Breast Cancer Awareness – Is It Working? Is There Any Real Point to Breast Cancer Awareness?
Breast cancer awareness programmes are everywhere!
Whilst governments and professional institutions run the ‘official’ programmes, in any one country there may also be many ‘non-official’ initiatives that are run by private individuals and groups. In fact it seems that really anybody who wants to get involved can do so – whether they are qualified or not.
So what are the aims and objectives of these cancer awareness programmes? What is it that these programmes are actually trying to make us more aware of? Is it about the disease and it’s treatment? Is it to make sure that women know that they should present to the doctor immediately they find any problem in their breast or are they simply trying to increase the number of women attending screening with Mammography – regardless of whether or not the motive for this might be purely financial?
Well in reality, the only time a woman really wants to learn about breast cancer is when they,or someone close to them, actually develops it. But at that moment in time they don’t need awareness – they just need solutions.
When a woman or man gets the disease they only need 3 things:
really good information about breast cancer and its treatment
a place to get their treatment and
a supporting network of people around them to share their cancer journey
One Middle Eastern country increased their attendance for breast screening from less than 20% to over 60% recently. How did they do this? It was quite simple actually; they told women that they would not have their national health card/entitlement renewed until they had their annual mammogram. But is it correct to essentially force women to have screening – even if it is in their best interests?
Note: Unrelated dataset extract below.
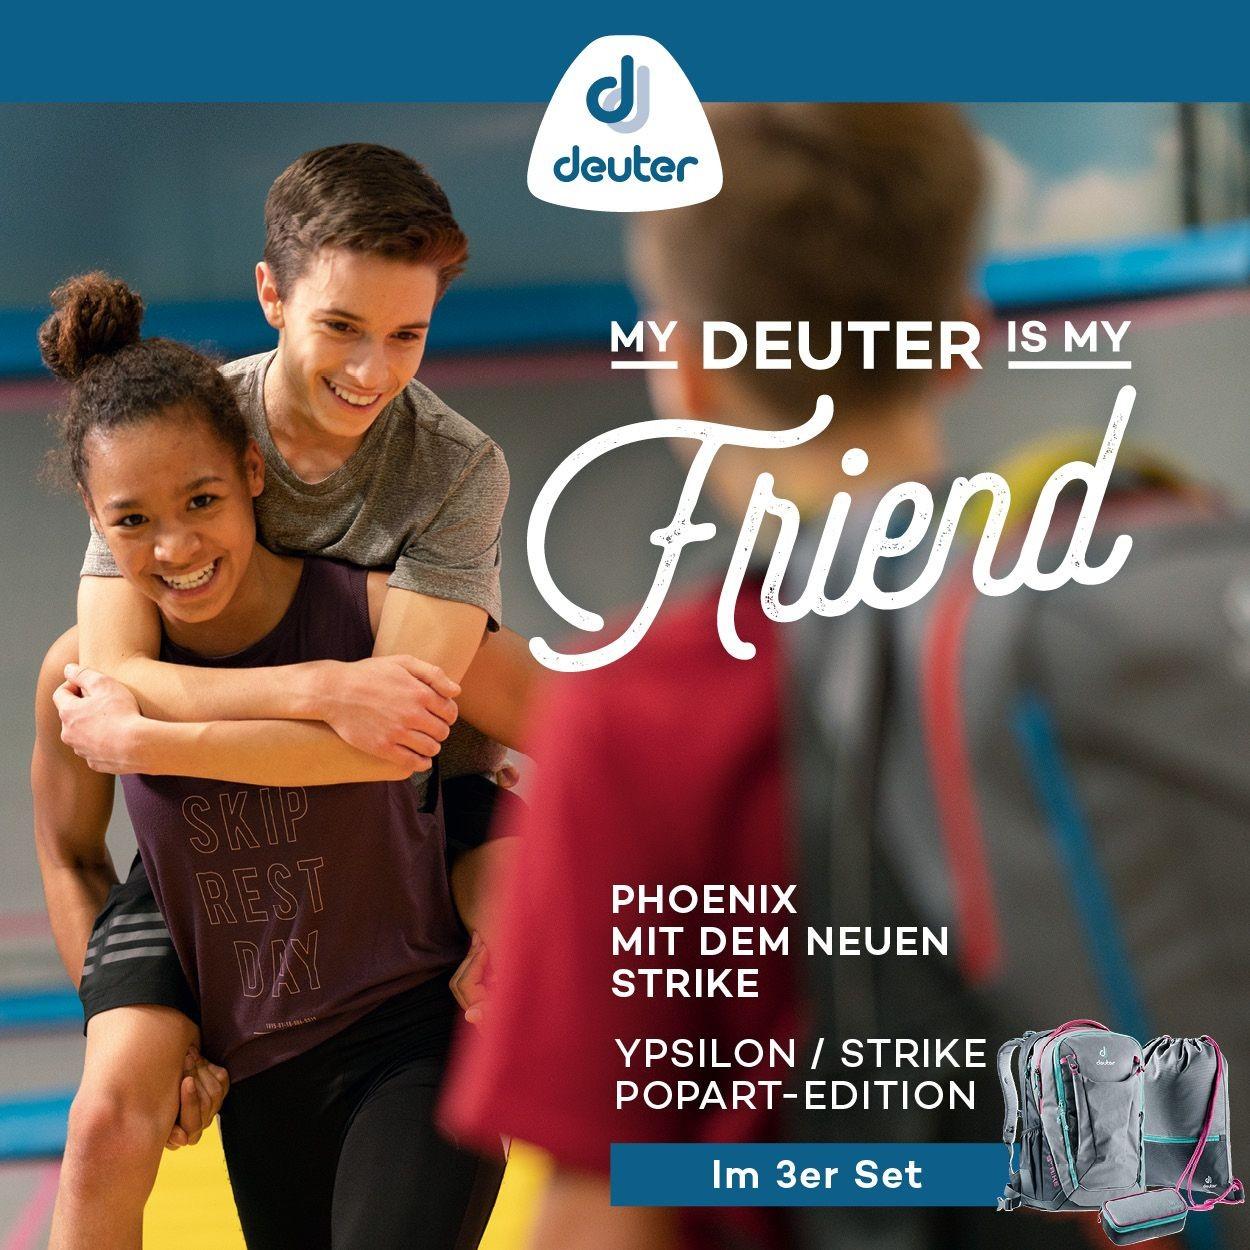 Deuter Pop Art Limited Edition

Actually that particular country, did have a breast cancer awareness programme before the change in the law so at the very least this tells us that their breast cancer awareness programme did not work. When it comes to screening uptake – i.e. the number of women attending for Mammography – then it is easy to measure the effectiveness of any awareness programme.
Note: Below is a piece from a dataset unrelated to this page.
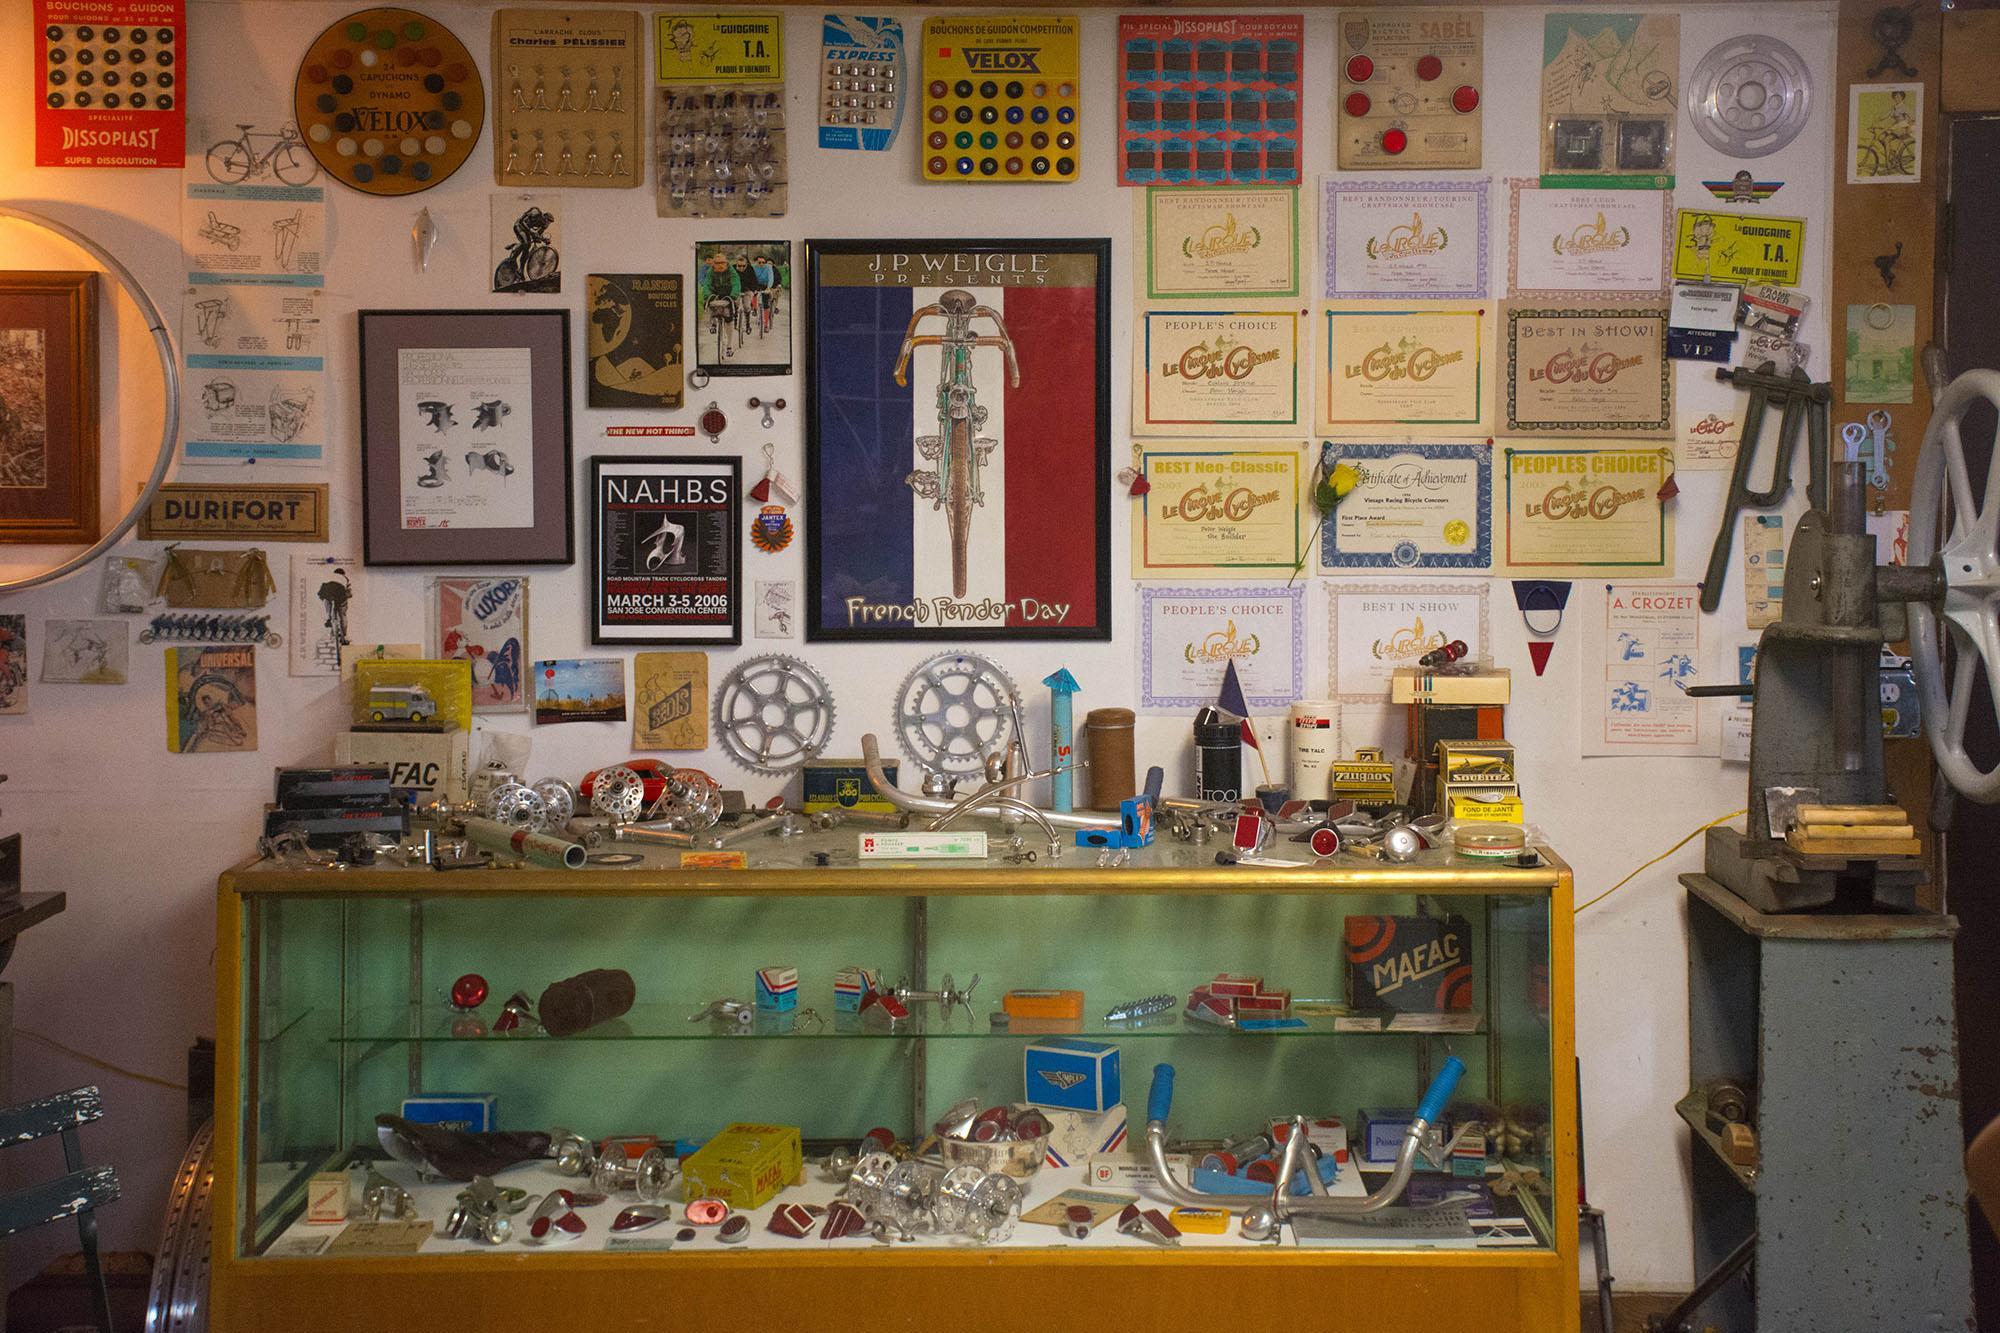 J P Weigle's shop!

But if the objective of the programme is just general awareness and education, then it is fair to say that it would be very difficult, nigh on impossible probably, to accurately measure how successful any breast cancer awareness programme is.
But surely, isn’t everyone aware of breast cancer and breast cancer screening? Are there really any places left in the world where women do not have sufficient awareness about this problem?
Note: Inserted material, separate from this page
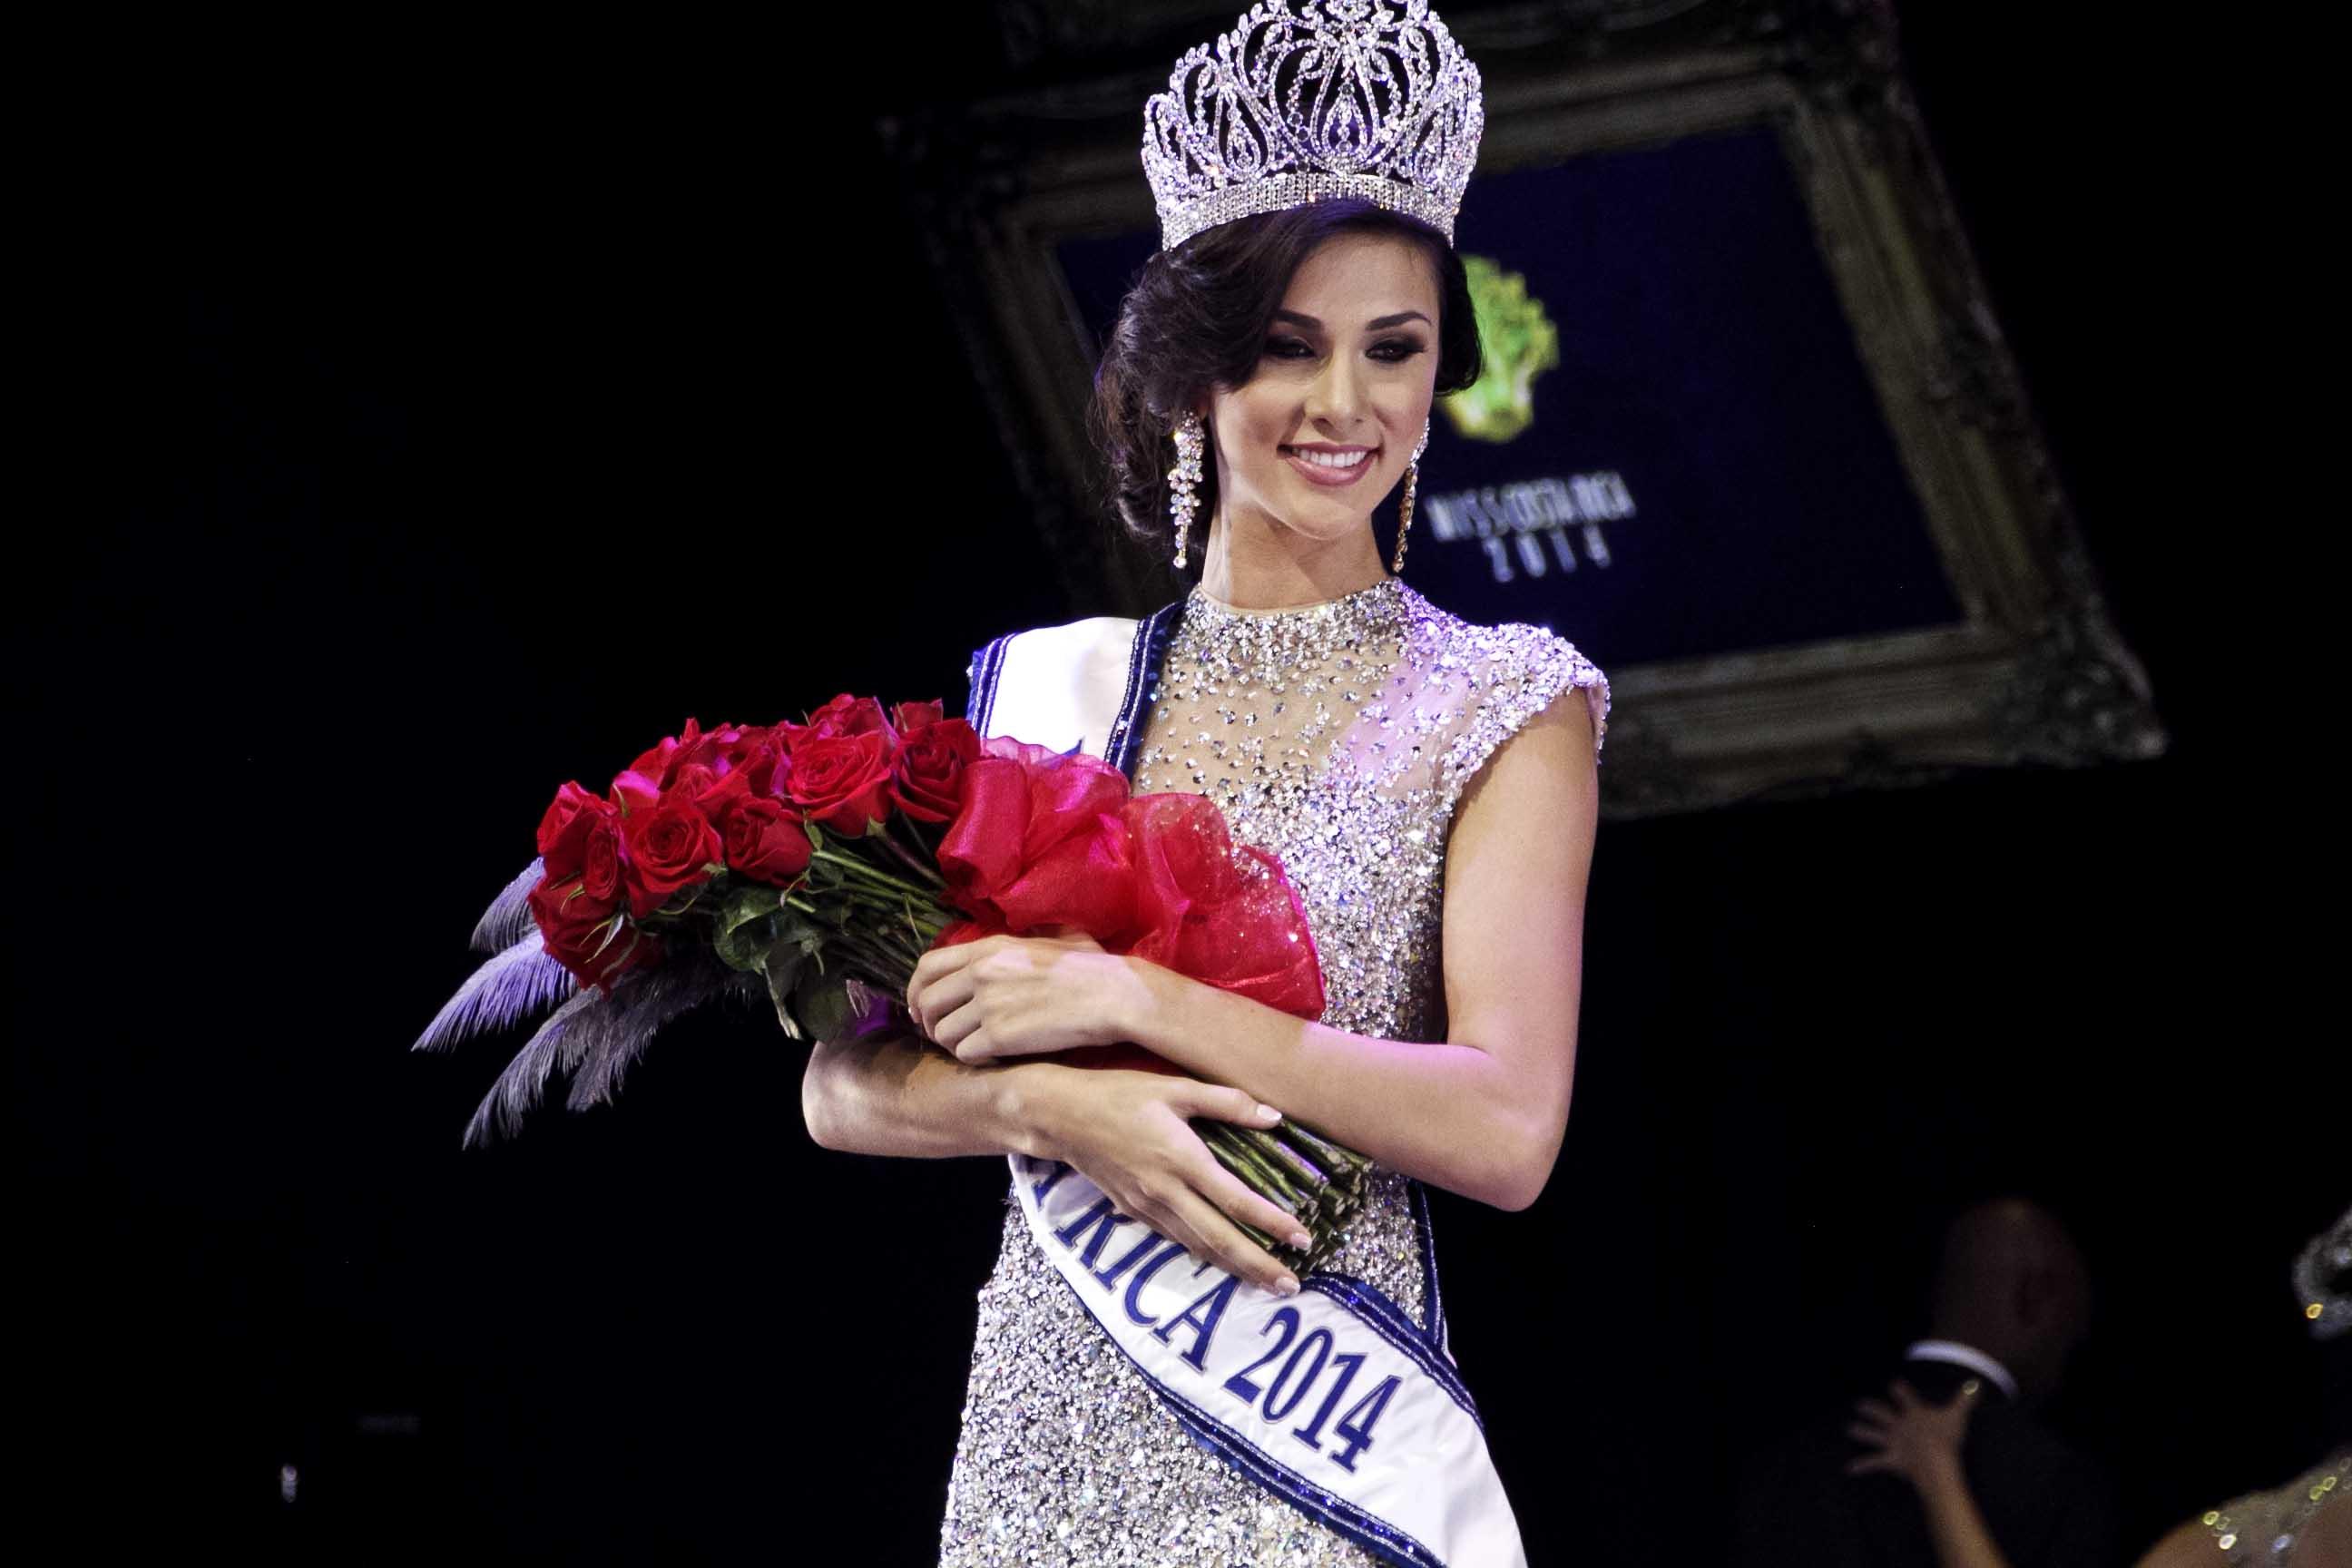 Karina Ramos, Miss Costa Rica 2014

Well the answer may not be what you would expect. There are still, sadly, many countries where there are simply an insufficient number of hospitals and specialised staff to treat the existing cases that arise. Certain countries in the Middle East and Africa for example, have totally inadequate resources in terms of breast surgeons, oncologists, radiologists, hospitals and so on, who are ‘breast specialised.’
So what does happen to the women who develop breast cancer in these poor and often very remote areas? Well, as hard as it may be to believe, the sad truth is that many of these cases simply go untreated. These poor women go home and die and no amount of awareness is going to change their situation.
Of the patients who do manage to get treatment, the treatment can be very poor – surgery but no adjuvant treatments (chemotherapy or radiotherapy), the wrong chemotherapy, surgery but no pathological examination or analysis of the specimen, which is simply thrown away; all these are real examples of the kind of things that go on in certain places.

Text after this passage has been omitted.